• **AIM OF THE TASK**:
Would you print only the lines running from the one with "The Gospel of Slavery" to the final line of the data below, word for word and without pictures?

• **INFORMATION SHOWN**:

--*--

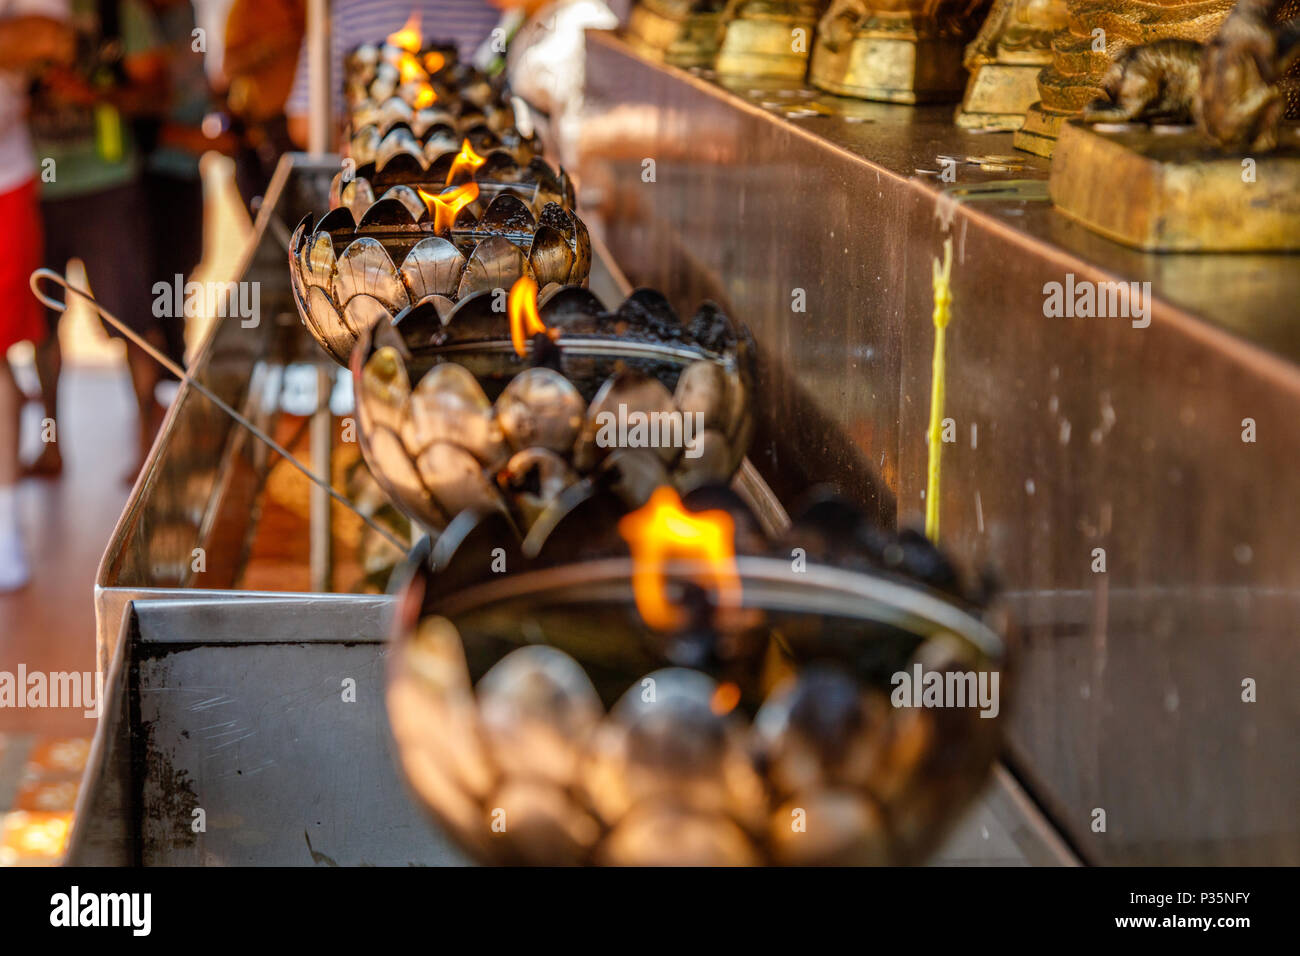 Oil burners at Wat Prathat Doi Suthep, Chiang Mai province, Thailand Stock Photo
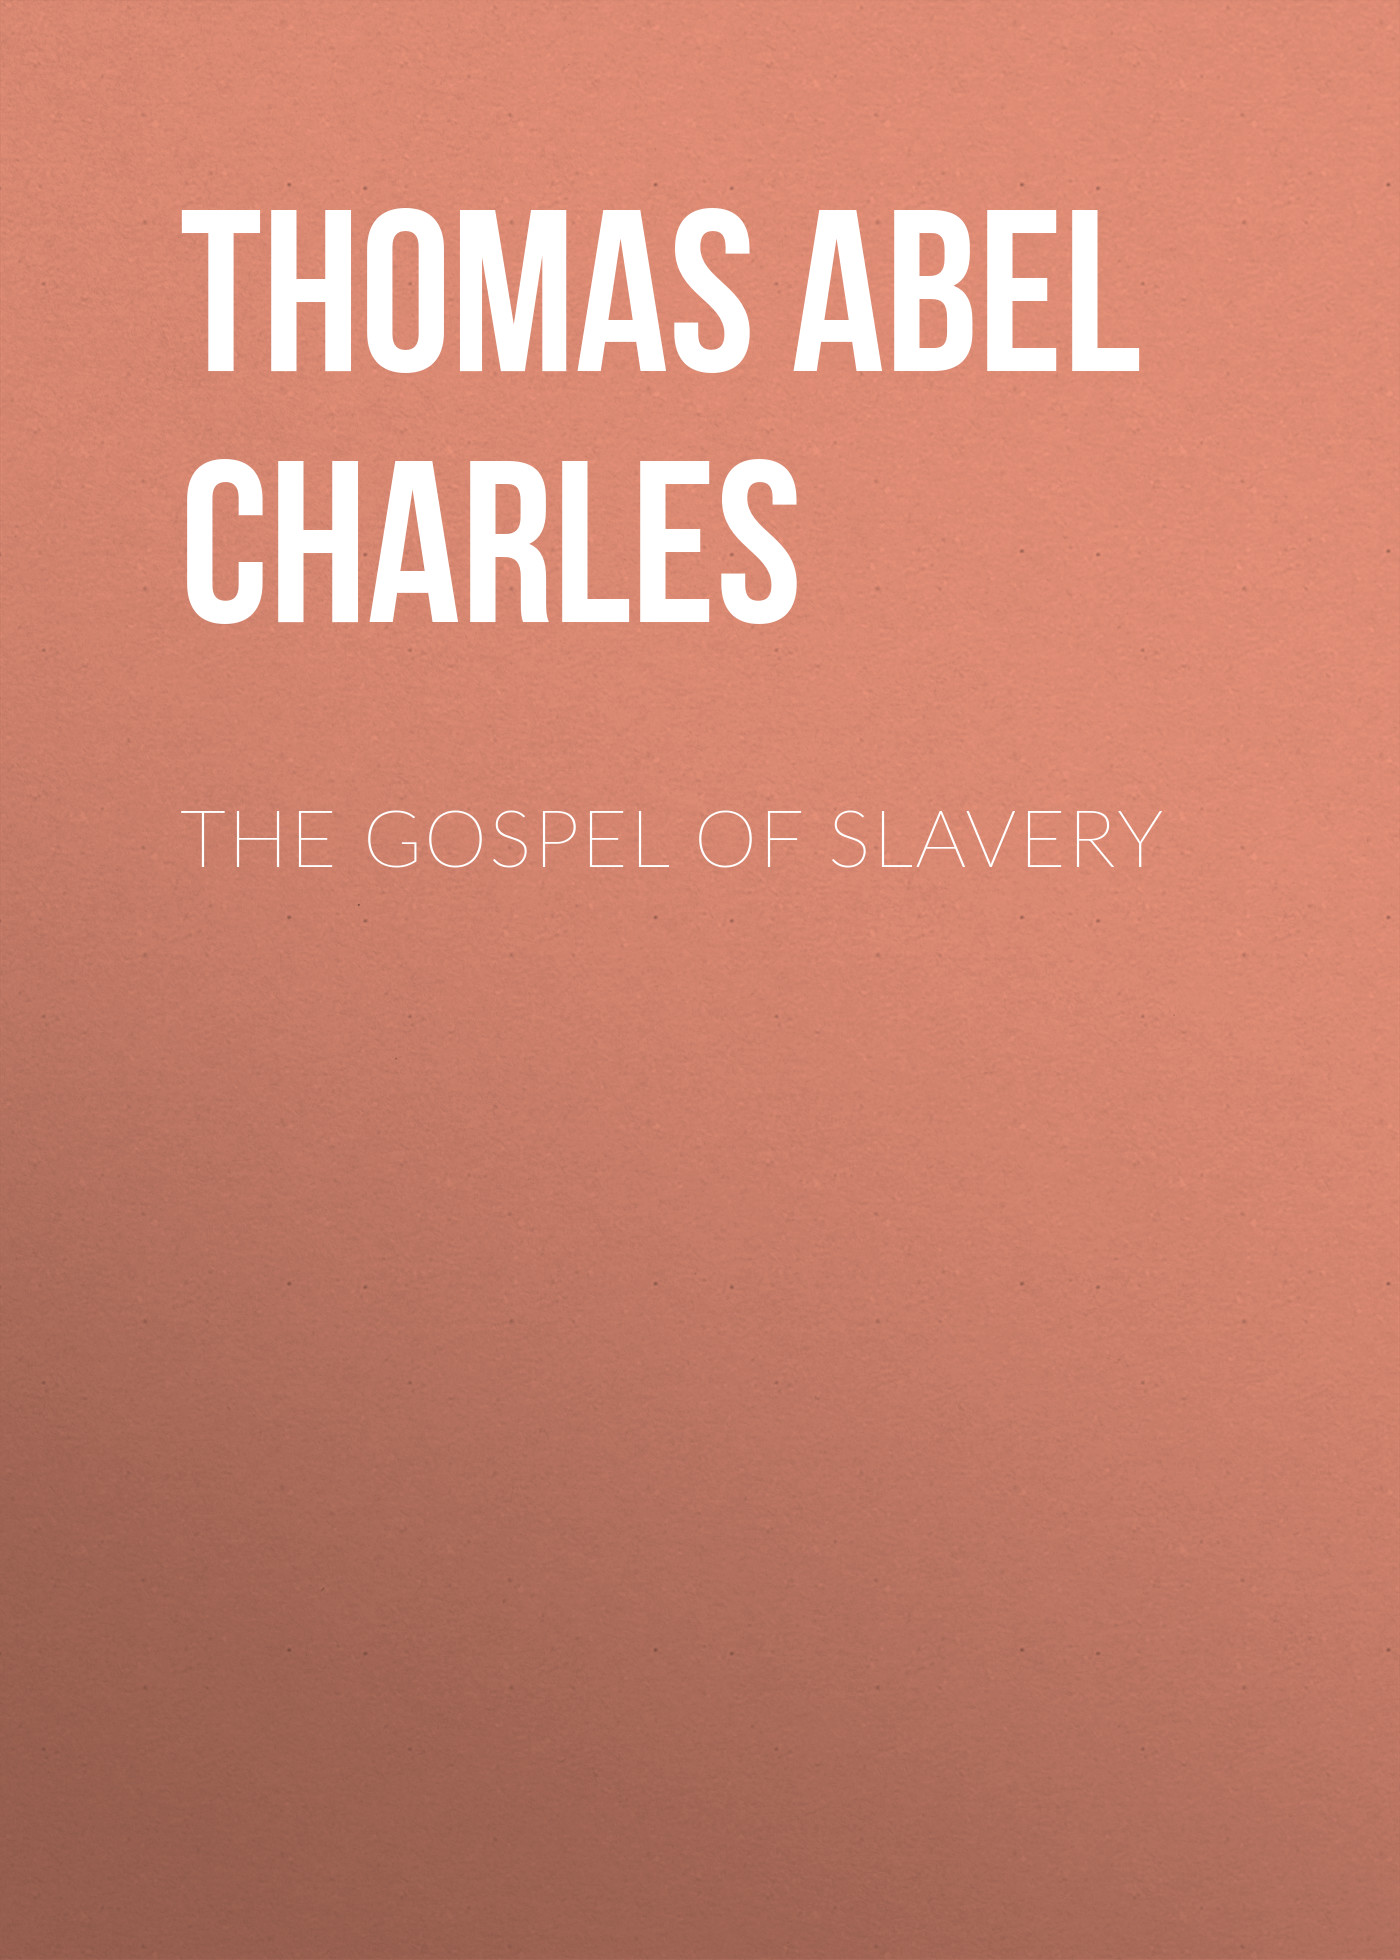 The Gospel of Slavery
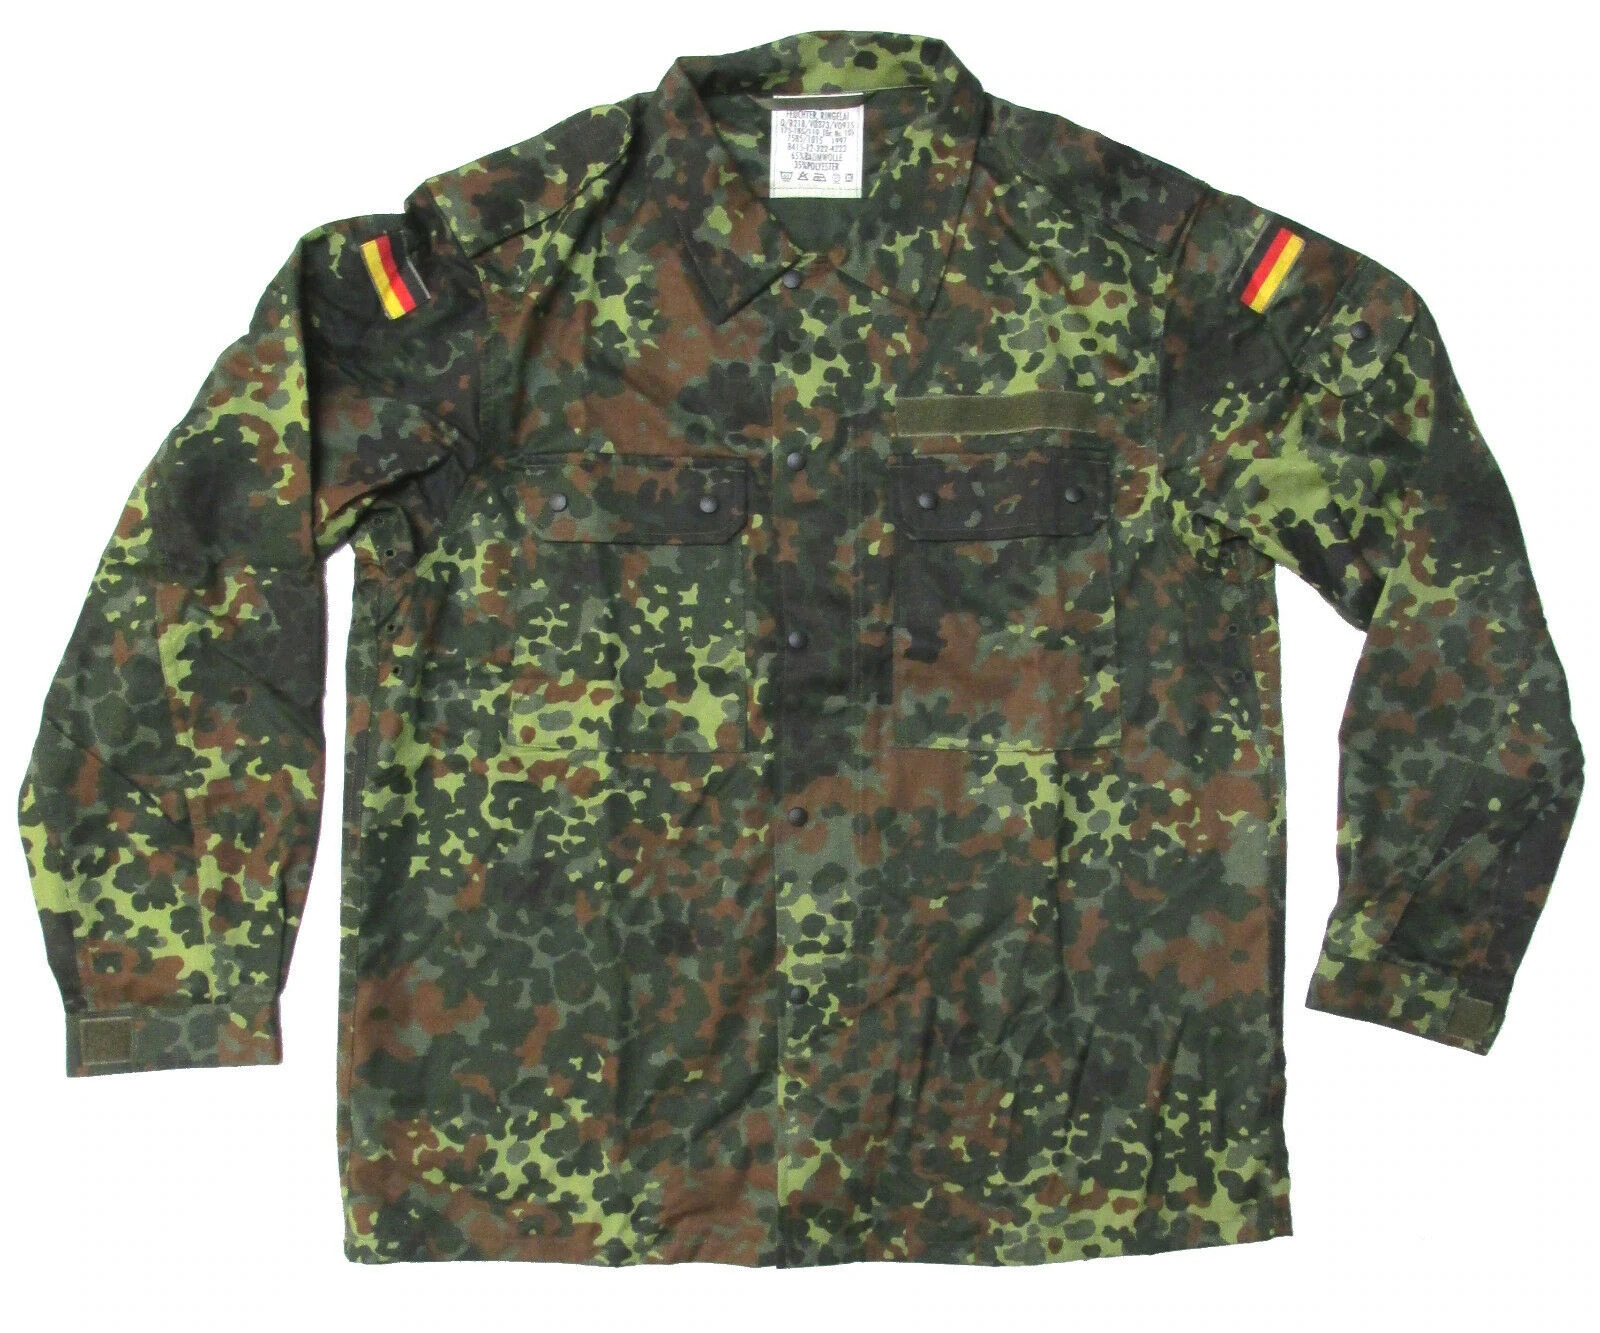 Flecktarn Camouflage German Army Shirt/Jacket - NEW Unissued - Size GR10

--*--

• **ANSWER SPACE**:
 The Gospel of Slavery
 Flecktarn Camouflage German Army Shirt/Jacket - NEW Unissued - Size GR10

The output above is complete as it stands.